*Problem to work on*:
Restate the full listing word for word; images stay out of it.

*The data*:
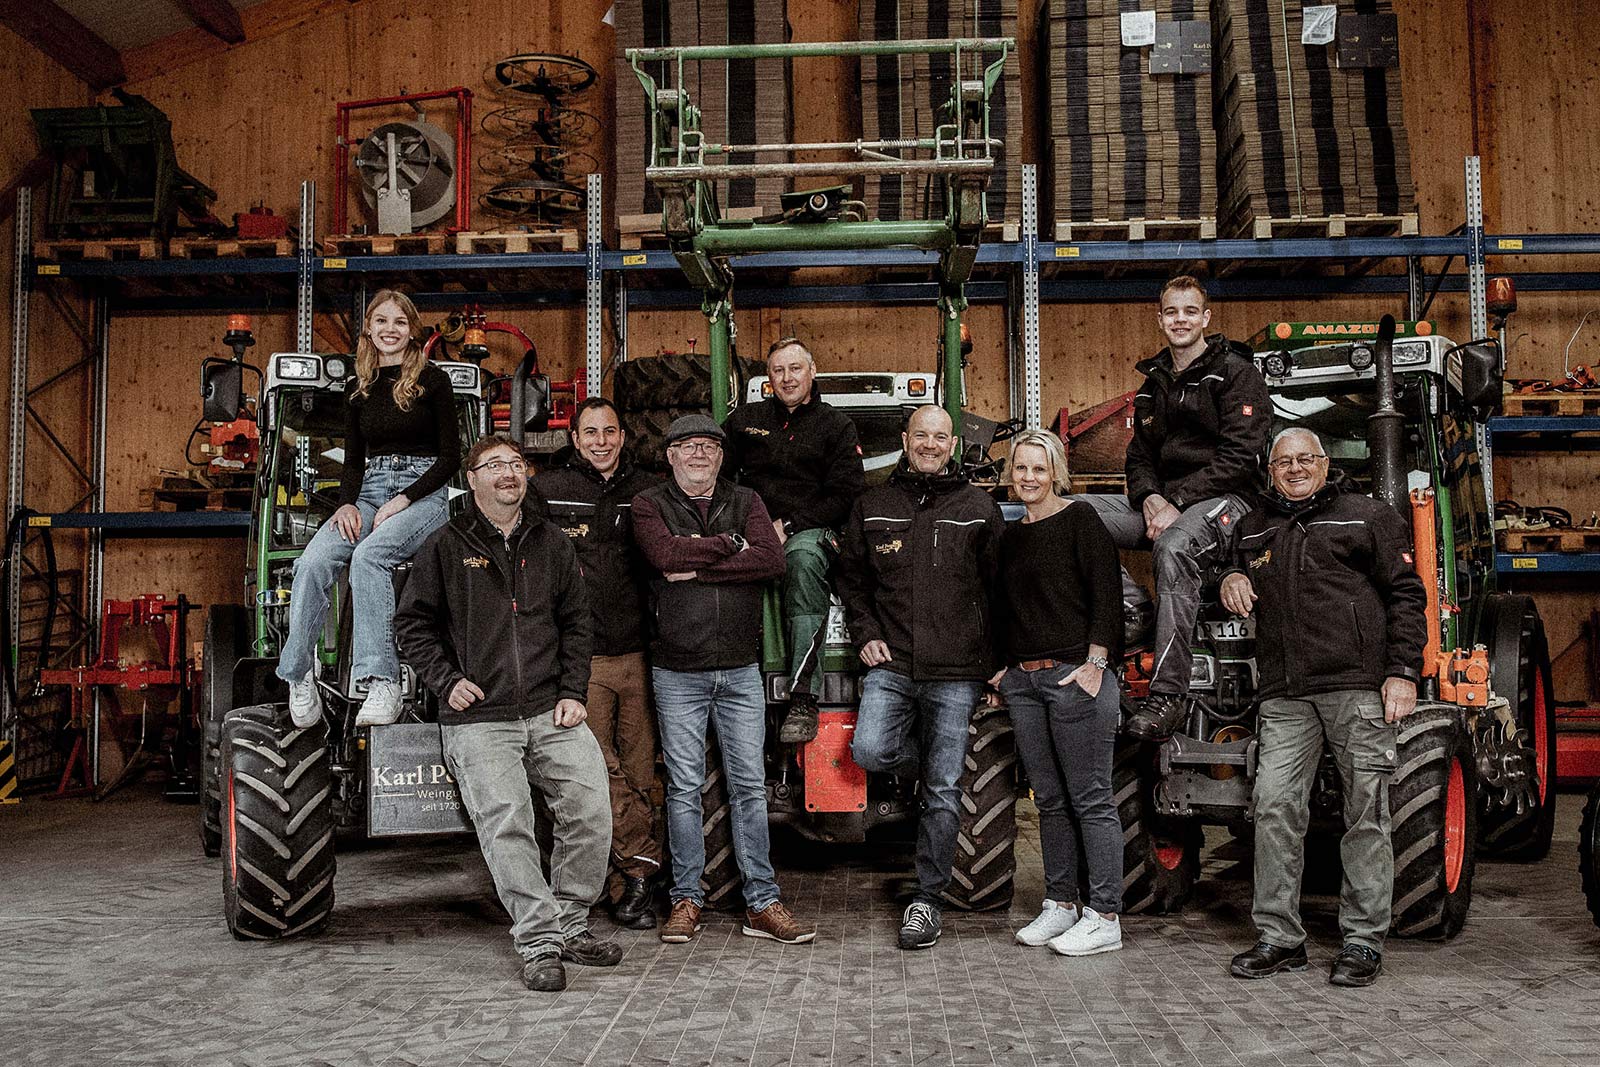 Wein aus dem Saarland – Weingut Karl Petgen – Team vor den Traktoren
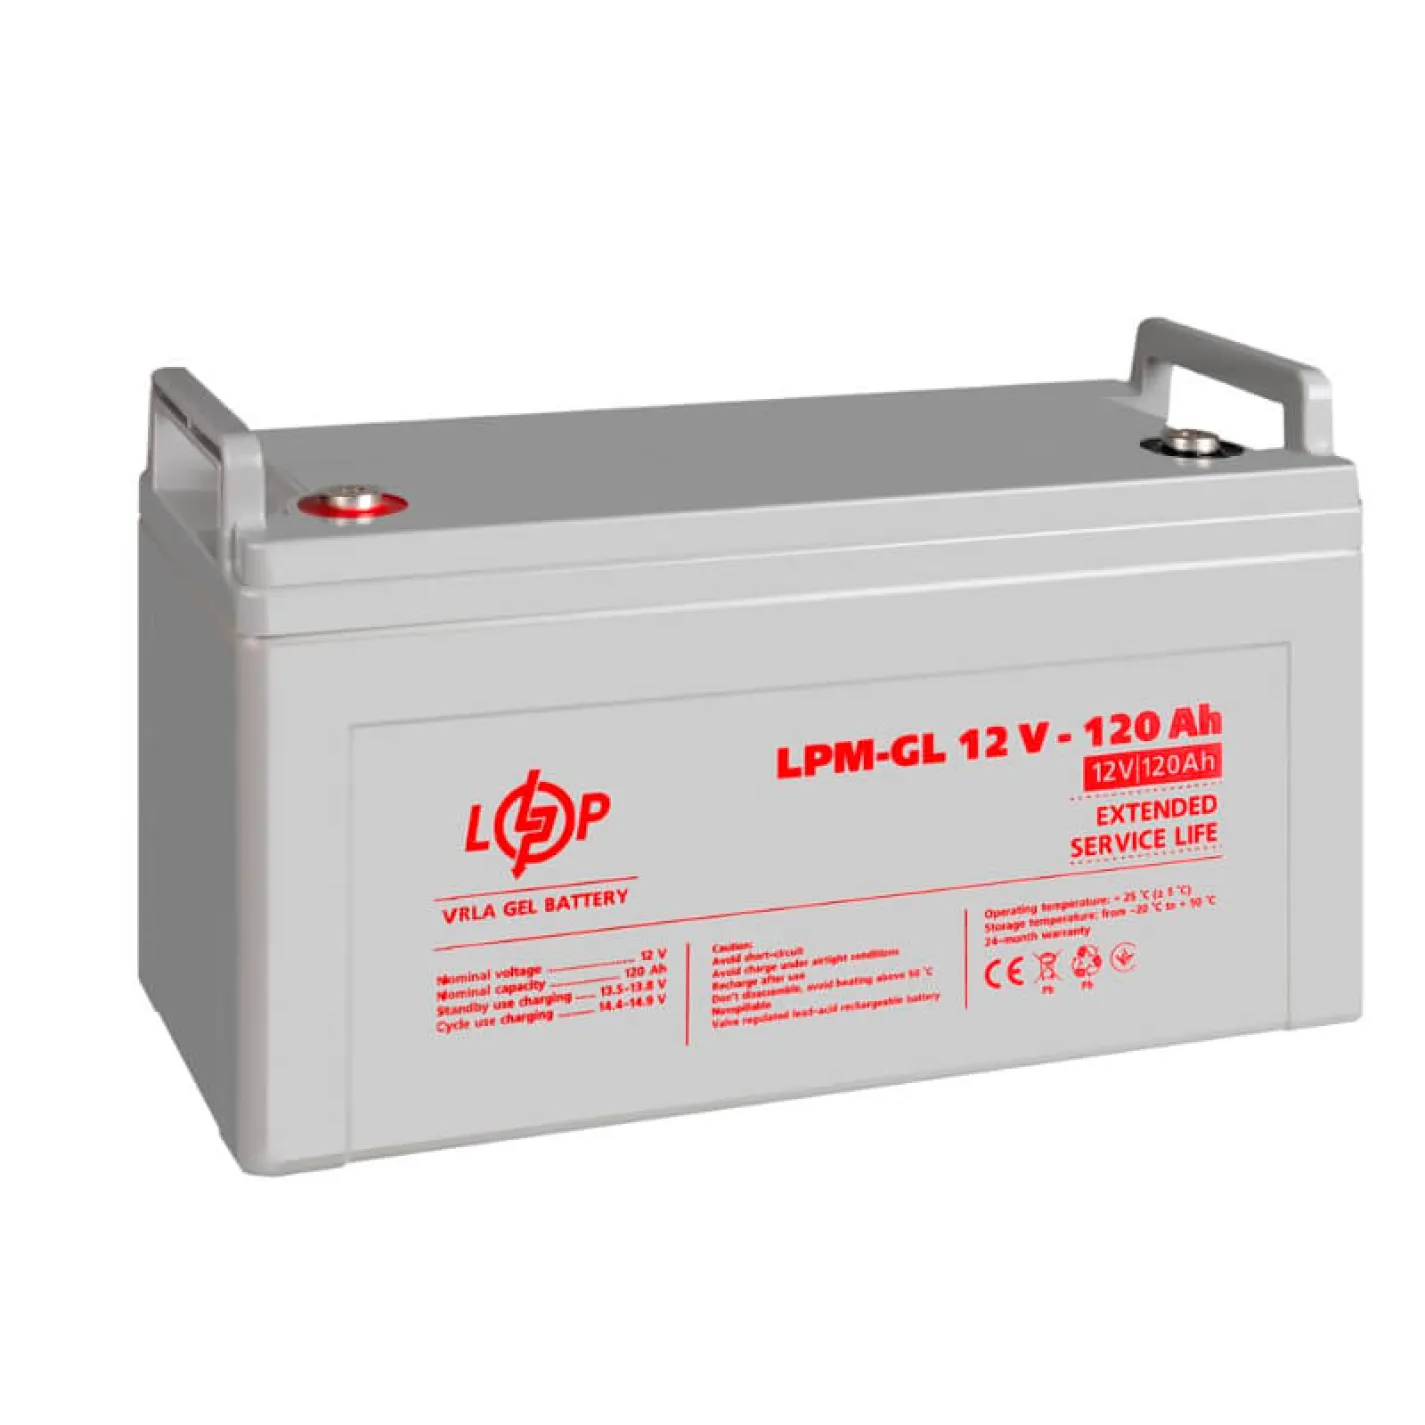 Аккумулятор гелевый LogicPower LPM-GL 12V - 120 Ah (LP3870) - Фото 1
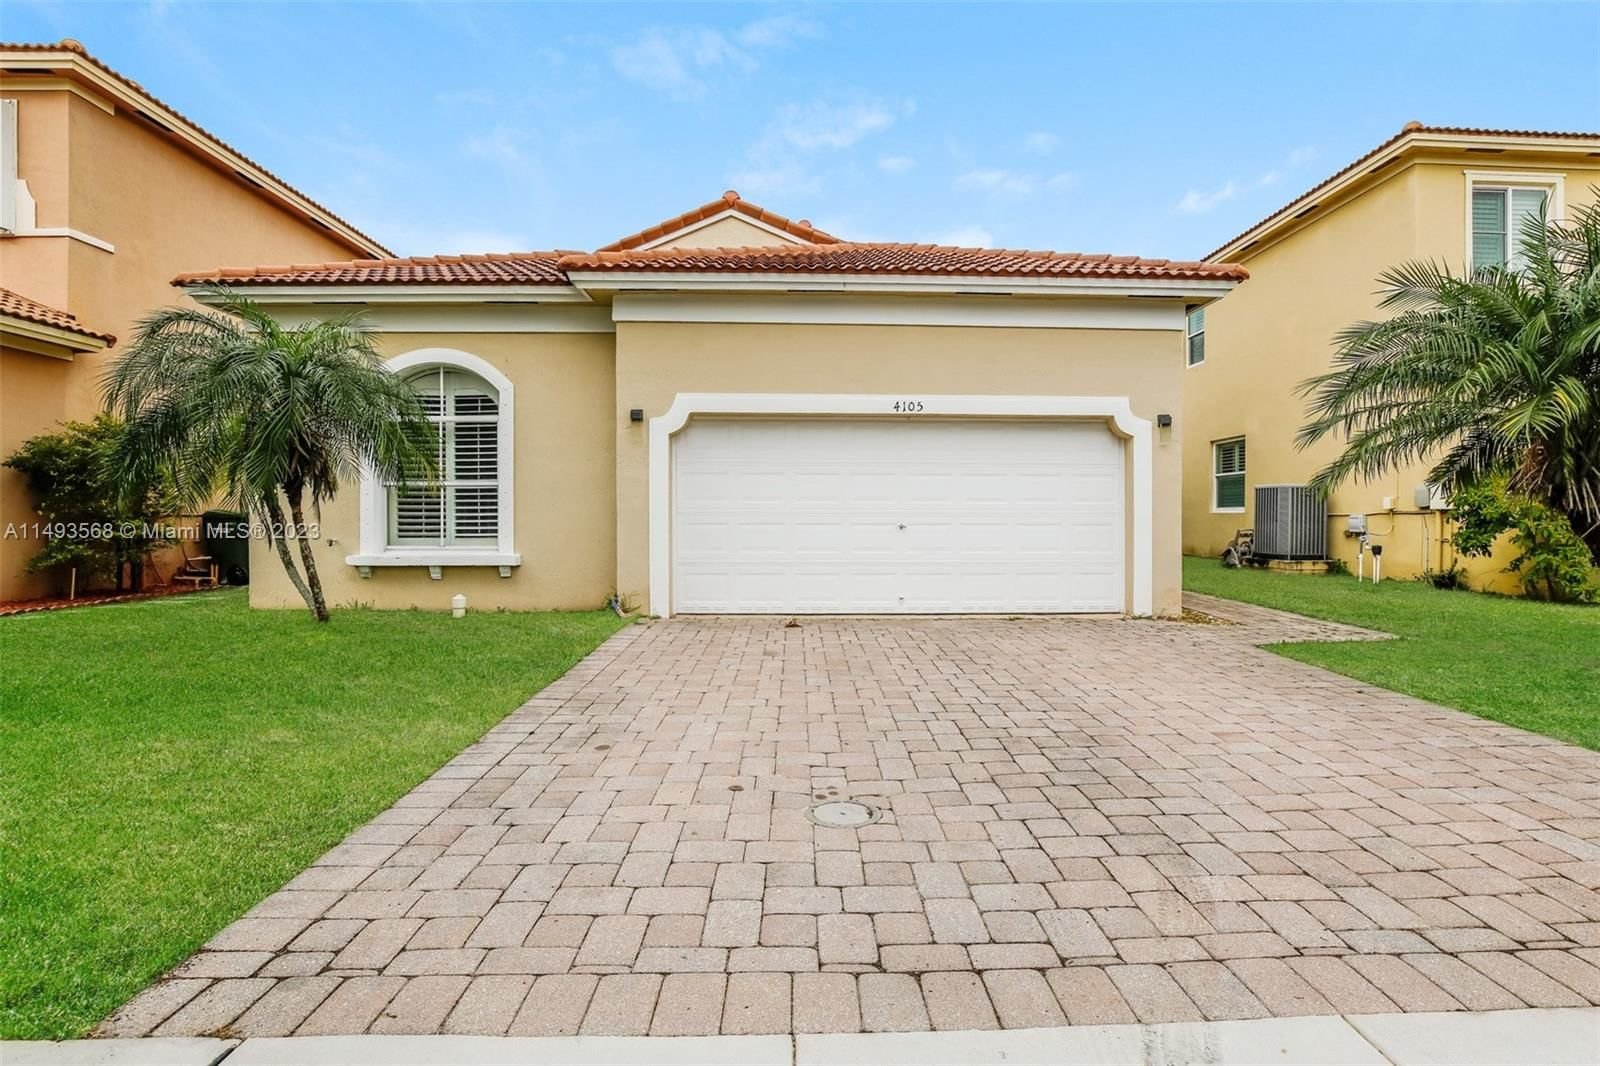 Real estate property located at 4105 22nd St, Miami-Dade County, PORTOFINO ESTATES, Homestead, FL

*Response*:
 Wein aus dem Saarland – Weingut Karl Petgen – Team vor den Traktoren
 Аккумулятор гелевый LogicPower LPM-GL 12V - 120 Ah (LP3870) - Фото 1
 Real estate property located at 4105 22nd St, Miami-Dade County, PORTOFINO ESTATES, Homestead, FL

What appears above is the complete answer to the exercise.